For decriminalization rehabilitation to work in New Orleans, the price of treatment must be free or as cheap as possible. Considering the high poverty rate, it is essential that New Orleans builds a robust treatment plan at a reduced cost. At this point the primary issue becomes funding. One solution involves redirecting funds from the police to improve drug treatment facilities. The current Chief of the New Orleans police department is asking for a budget of one hundred and ninety-four million dollars for 2022. Considering there will be no need for arrests, this money can be allocated towards drug treatment and prevention. According to the NOPD website, the average annual salary of a police officer is $56,566, and there are a total of 1,271 active officers in the force. This means that New Orleans spends about $71,895,386 a year just on officer salaries. Additionally, the average salary of a public defender in New Orleans is $69,172, and there are 363 active public defenders in the city. So, New Orleans spends $25,109,436 annually on public defenders. Finally, the state of Louisiana pays $698,000,000 annually on maintaining its prison systems. Assuming drugs are decriminalized, New Orleans will require fewer officers, fewer public defenders, and fewer prisons. The city can redirect that money towards drug rehabilitation.
One of the most pressing difficulties with the decriminalization and rehabilitation strategy is long-term addiction. The best way to reduce the cost of the program is to reduce the number of people who return to the system. Ethically, it is not permissible to restrict a drug user after a certain number of admittances, so it is essential to make sure the treatment program works the first time. According to the National Institute on Drug Abuse, “Most people with addictions need at least 90 days of treatment to be successful in recovery.” This means that New Orleans must be able to fund and support a long-term treatment plan. Additionally, according to the National Survey on Drug Use and Health, “In the New Orleans-Metairie-Kenner MSA, 93,000 persons aged 12 or older (10.8 percent) were classified as having a substance use disorder in the past year.” Ideally, New Orleans must have the capability to accommodate all people suffering from substance abuse disorders.
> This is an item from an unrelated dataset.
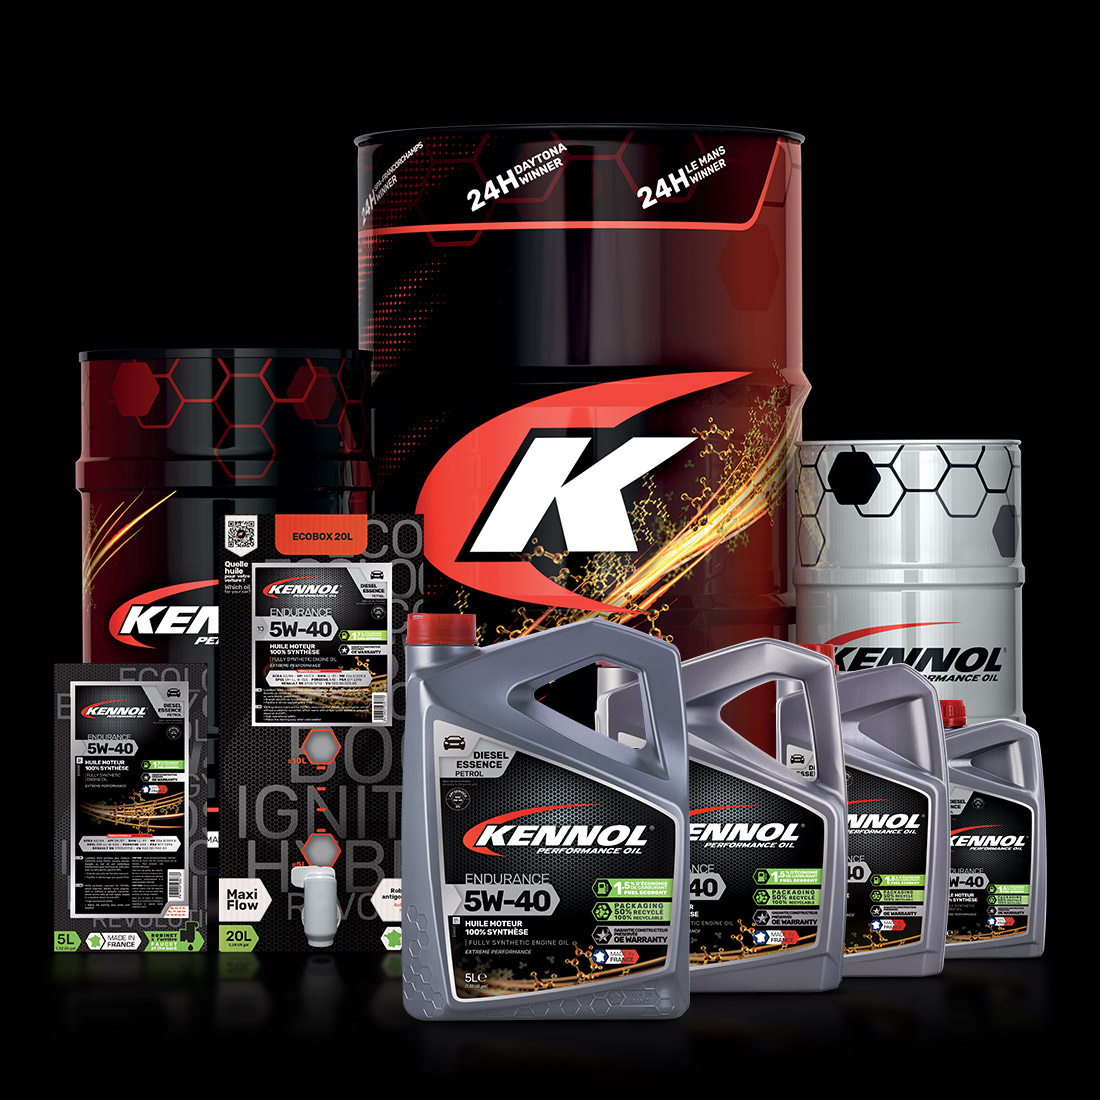 KENNOL ENDURANCE 5W40 range packshot

Another factor to consider is the role of harm reduction strategies and institutions. In New Orleans, centers like TRYSTEREO provide supplies for safe drug use and general healthcare. After decriminalization, these institutions will be vital to actively promote the health of New Orleans citizens. Centers like these also boast an incredibly large and experienced volunteer base that can be deployed to help organize and maintain drug treatment facilities. The city should use its funding to bolster the resources of similar institutions, allowing them to expand their network across a vast area of the city.